With those three assumptions, we have the probability of getting seeing N hits (N across the top) given a group of three batters with a given HPG total (HPG down the left). The winning case, for N >= 6, is the last column.

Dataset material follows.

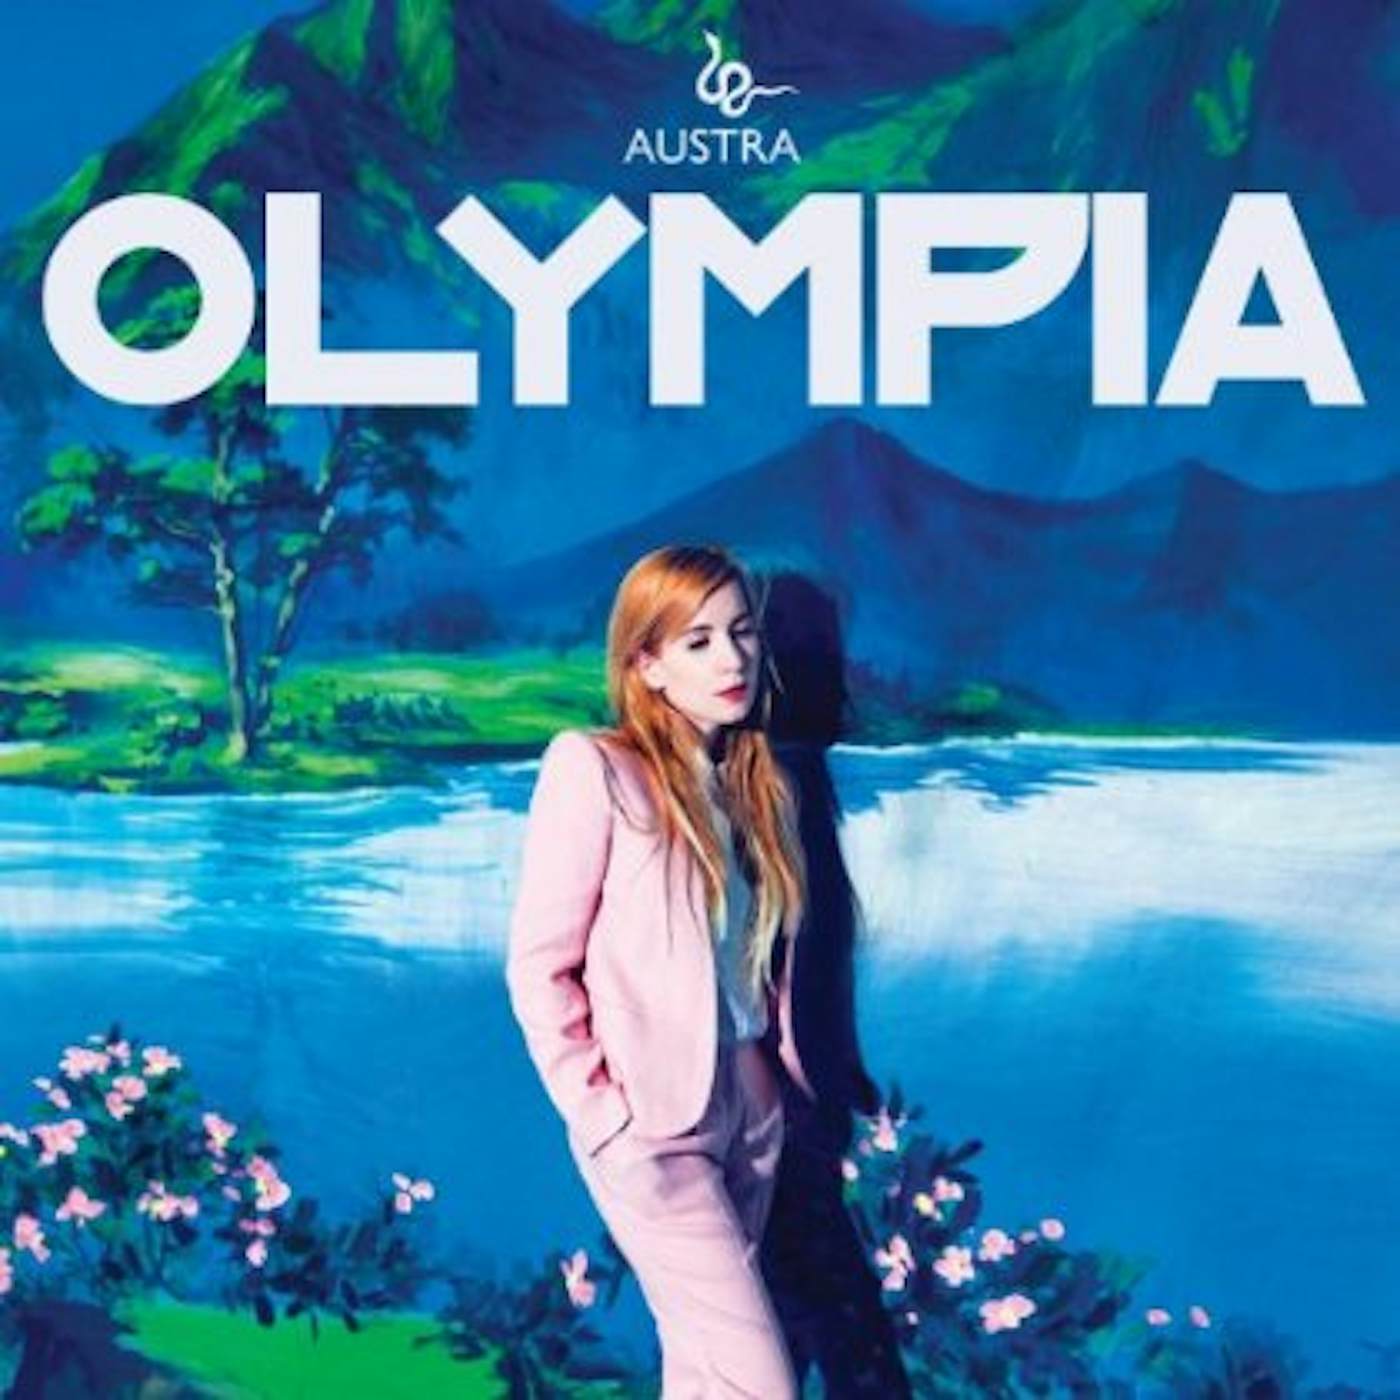 Austra OLYMPIA CD

HPG	0	1	2	3	4	5	6	7	8	9		6 or more
3	4.98%	14.94%	22.40%	22.40%	16.80%	10.08%	5.04%	2.16%	0.81%	0.27%		8.39%
3.05	4.74%	14.44%	22.03%	22.39%	17.08%	10.42%	5.30%	2.31%	0.88%	0.30%		8.90%
3.1	4.50%	13.97%	21.65%	22.37%	17.33%	10.75%	5.55%	2.46%	0.95%	0.33%		9.43%
3.15	4.29%	13.50%	21.26%	22.32%	17.58%	11.08%	5.81%	2.62%	1.03%	0.36%		9.98%
3.2	4.08%	13.04%	20.87%	22.26%	17.81%	11.40%	6.08%	2.78%	1.11%	0.40%		10.54%
3.25	3.88%	12.60%	20.48%	22.18%	18.02%	11.72%	6.35%	2.95%	1.20%	0.43%		11.12%
3.3	3.69%	12.17%	20.08%	22.09%	18.23%	12.03%	6.62%	3.12%	1.29%	0.47%		11.71%
3.35	3.51%	11.75%	19.69%	21.98%	18.41%	12.34%	6.89%	3.30%	1.38%	0.51%		12.32%
3.4	3.34%	11.35%	19.29%	21.86%	18.58%	12.64%	7.16%	3.48%	1.48%	0.56%		12.95%
3.45	3.17%	10.95%	18.89%	21.73%	18.74%	12.93%	7.43%	3.66%	1.58%	0.61%		13.58%
3.5	3.02%	10.57%	18.50%	21.58%	18.88%	13.22%	7.71%	3.85%	1.69%	0.66%		14.24%
3.55	2.87%	10.20%	18.10%	21.42%	19.01%	13.50%	7.99%	4.05%	1.80%	0.71%		14.91%
3.6	2.73%	9.84%	17.71%	21.25%	19.12%	13.77%	8.26%	4.25%	1.91%	0.76%		15.59%
3.65	2.60%	9.49%	17.31%	21.06%	19.22%	14.03%	8.54%	4.45%	2.03%	0.82%		16.28%
3.7	2.47%	9.15%	16.92%	20.87%	19.31%	14.29%	8.81%	4.66%	2.15%	0.89%		16.99%
3.75	2.35%	8.82%	16.54%	20.67%	19.38%	14.53%	9.08%	4.87%	2.28%	0.95%		17.71%
3.8	2.24%	8.50%	16.15%	20.46%	19.44%	14.77%	9.36%	5.08%	2.41%	1.02%		18.44%
3.85	2.13%	8.19%	15.77%	20.24%	19.48%	15.00%	9.62%	5.29%	2.55%	1.09%		19.19%
3.9	2.02%	7.89%	15.39%	20.01%	19.51%	15.22%	9.89%	5.51%	2.69%	1.16%		19.94%
3.95	1.93%	7.61%	15.02%	19.78%	19.53%	15.43%	10.16%	5.73%	2.83%	1.24%		20.71%
4	1.83%	7.33%	14.65%	19.54%	19.54%	15.63%	10.42%	5.95%	2.98%	1.32%		21.49%
4.05	1.74%	7.06%	14.29%	19.29%	19.53%	15.82%	10.68%	6.18%	3.13%	1.41%		22.27%
4.1	1.66%	6.79%	13.93%	19.04%	19.51%	16.00%	10.93%	6.40%	3.28%	1.50%		23.07%
4.15	1.58%	6.54%	13.58%	18.78%	19.48%	16.17%	11.18%	6.63%	3.44%	1.59%		23.87%
4.2	1.50%	6.30%	13.23%	18.52%	19.44%	16.33%	11.43%	6.86%	3.60%	1.68%		24.69%
4.25	1.43%	6.06%	12.88%	18.25%	19.39%	16.48%	11.67%	7.09%	3.77%	1.78%		25.51%
4.3	1.36%	5.83%	12.54%	17.98%	19.33%	16.62%	11.91%	7.32%	3.93%	1.88%		26.33%
4.35	1.29%	5.61%	12.21%	17.71%	19.26%	16.75%	12.15%	7.55%	4.10%	1.98%		27.17%
4.4	1.23%	5.40%	11.88%	17.43%	19.17%	16.87%	12.37%	7.78%	4.28%	2.09%		28.01%
4.45	1.17%	5.20%	11.56%	17.15%	19.08%	16.98%	12.60%	8.01%	4.45%	2.20%		28.86%
4.5	1.11%	5.00%	11.25%	16.87%	18.98%	17.08%	12.81%	8.24%	4.63%	2.32%		29.71%


It shows that if you pick the three best hitters (per game) in the league-- Suzuki, Jeter, Young (combined avg = 4.12) – you have a 23% of getting your payout and a 77% chance of losing your money. It looks like the break-even point (12.5% expectation of success) is when the batters have a combined average of 3.35 hits per game, and there’s a pretty steep drop-off even within the top twenty hitters, so if you’re arbitrarily picking batters you’re practically guaranteed to lose.

I was surprised to see this result because it implies that either the bookies are setting the odds wrong or the punters pick their batters badly. I’d be interested to have someone with a stronger math background examine my third assumption - that we can sum the averages and count the three parallel trials as a single trial of the collective.